Corneal dystrophy: scientists discover molecular changes occur decades before symptoms
Research from the US could lead to the development of new screening procedures for the disease
The research, which is described in Nucleic Acids Research, involved analysing eye bank samples of corneal tissue and eye tissue collected from FECD patients following surgery.
As well as comparing the tissue of FECD patients with healthy tissue within the eye bank, they discovered six tissue samples within the eye bank that displayed a genetic predisposition for FECD despite having no signs of the disease in the cornea.
The researchers found that when they compared the gene expression patterns of FECD patients with the tissue of those who had a genetic predisposition for the disease, the same molecular changes had occurred.

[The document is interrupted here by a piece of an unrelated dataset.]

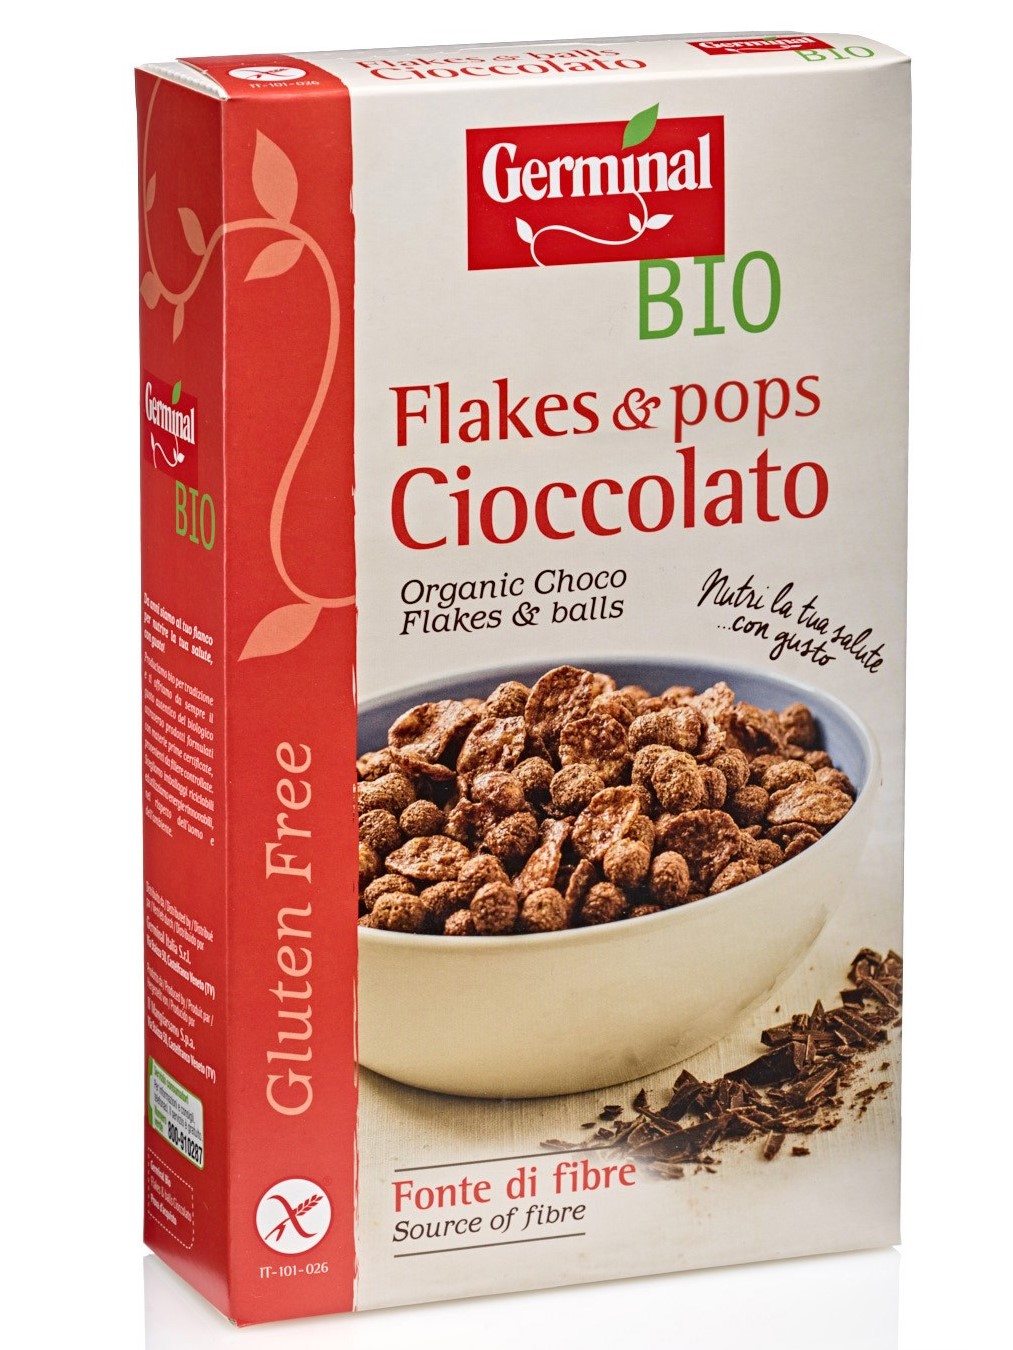 Immagine confezione Flakes & pops Cioccolato Senza Glutine Germinal Bio

The FECD patients within the study had an average age of 66.5, while the eye bank sample patients displaying molecular changes were 46.8 years old.
This suggests that molecular changes can occur decades before patients show symptoms of the disease.
University of Texas Southwestern Medical Center’s Professor David Corey highlighted: "It was really a surprise that the seeds of eventual dysfunction are sown in the tissue so long before the symptoms are visible.”
Study co-author, Professor Vinod Mootha, explained that the ultimate goal of researchers is to slow down or stop the FECD disease process so that patients do not require corneal transplants.
"Based on the results of this study, we have a much better idea of what's happening early in the disease process, which lets us better track whether we can reverse those early changes," he said.